Currently, most women whose breast cancer is found early are strongly encouraged to consider having four to six months of chemotherapy. Randomized trials have shown that this treatment improves women’s chances of survival—but the benefit comes at the cost of short-term misery, and possible long-term ill effects. Given chemotherapy’s downside, it is important to use it only when it is most likely to help. Randomized trials have been useful in identifying which sub-groups of women seem to benefit the most from chemotherapy, such as women under 50 or women with rapidly growing tumors. It is much harder to know whether an individual woman is likely to benefit from chemotherapy or not.
In Europe, women with early breast cancer typically do not use chemotherapy, but the treatment is very common in the U.S., which tends to have a more aggressive approach to treating cancer. Long-term survival after treatment for early breast cancer ranges from 70 to over 90 percent; chemotherapy improves these odds by anywhere from 2 to 20 percent. These statistics mean that, overall, most women with early breast cancer who are given chemotherapy didn’t need it. But the unanswerable question, at least so far, is which women don’t need chemotherapy and which will benefit from it. Current tests used to predict the recurrence of breast cancer (such as flow cytometry and hormone receptor status) help determine which women will benefit from chemo to some extent, but still leave patients and doctors with much uncertainty. A better test could be very useful, reassuring many women that there is a low risk that their tumors will recur and that they can safely be treated without chemo.

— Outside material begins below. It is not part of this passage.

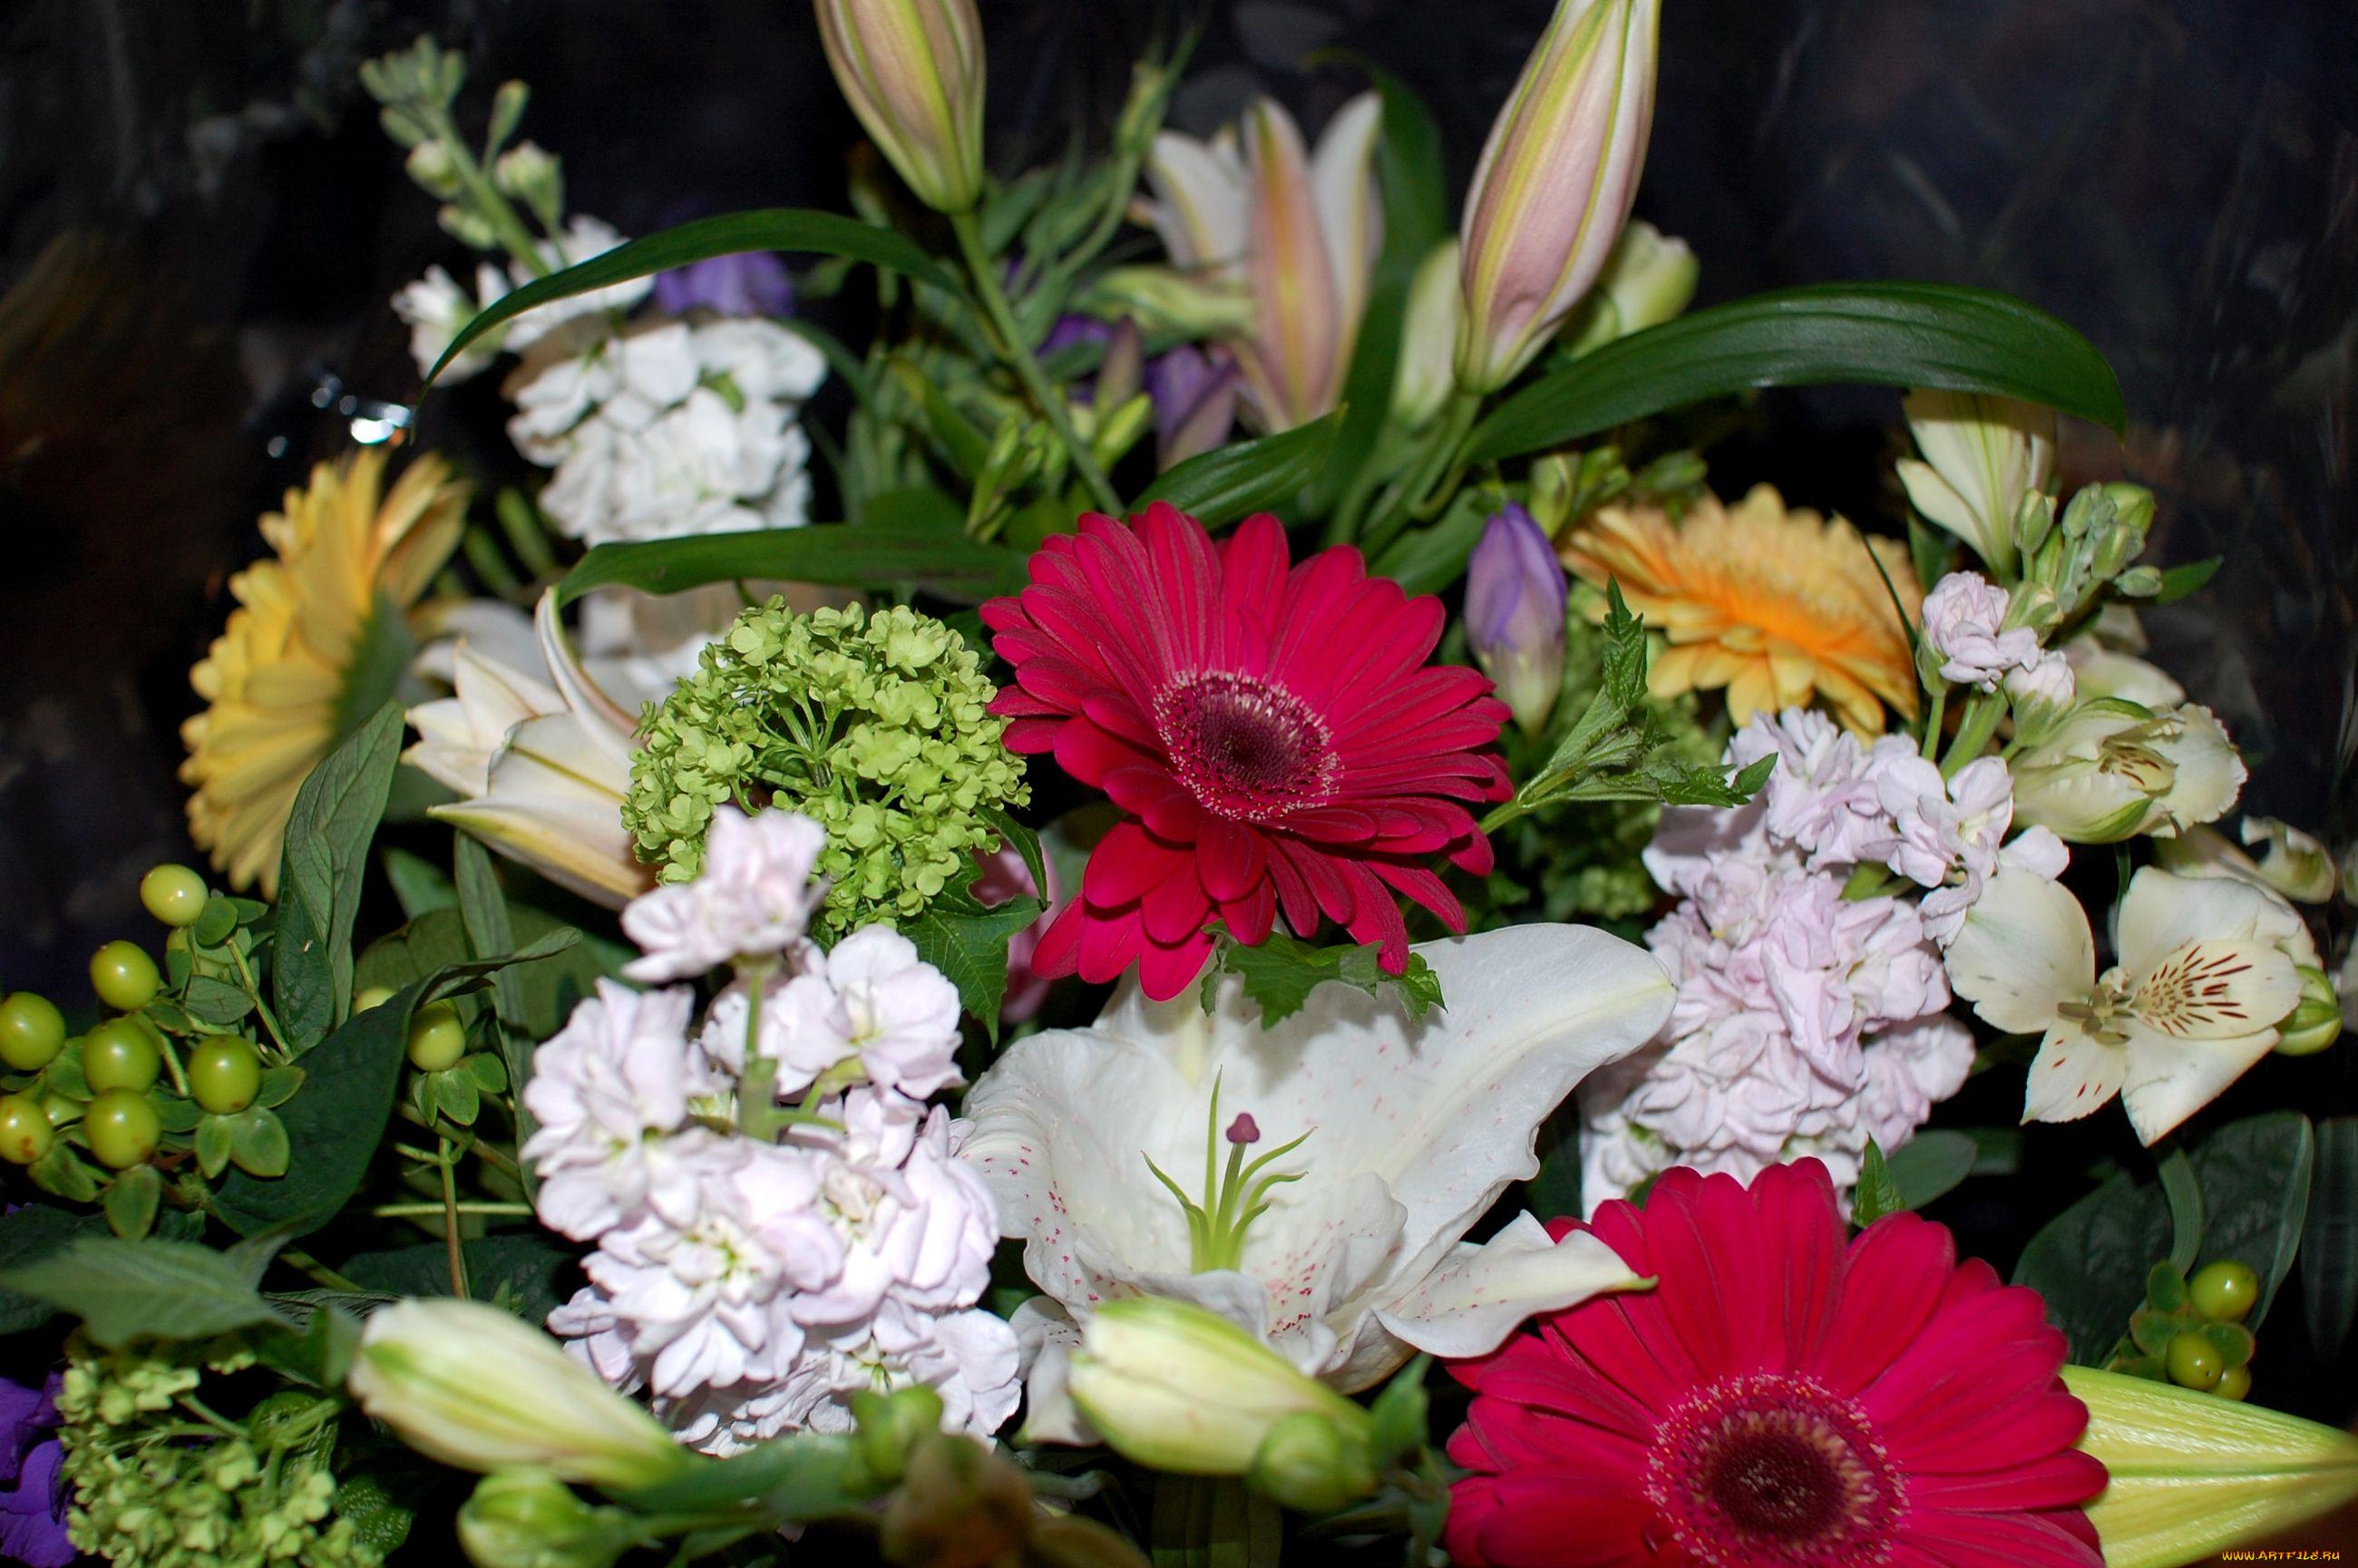 Букет цветов фото дома, букет алых роз

Several research groups and companies are actively investigating different approaches to predicting breast cancer recurrence through various types of tests. The results of one of these tests, called ‘Oncotype DX’, were presented at the annual meeting of breast cancer specialists in 2004, generating press coverage and lots of questions from patients. Oncotype DX tests for certain genes within an individual tumor and uses the results to predict the likelihood of breast cancer recurrence. Based on retrospective studies of women whose cancer was treated many years ago, the Oncotype DX test is useful. A study to this effect was published in a leading medical journal after being reviewed by scientists without connections to the company that owns Oncotype DX. Based on this work, the company has made the test available commercially. (Due to the way in which the test is conducted, FDA approval isn’t necessary.) The positive results found in the retrospective study have not, however, been replicated in a prospective study--which is typically required to establish that a test can predict the future course of a disease. The National Cancer Institute is planning to conduct a prospective study, and the Network encourages patients to consider volunteering for this research. The bottom line is that the problem of over-treating early breast cancer is real – and we’re going to have to wait a while longer to find out if benefit from new tests is equally real.
Cindy Pearson is the Executive Director of the NWHN.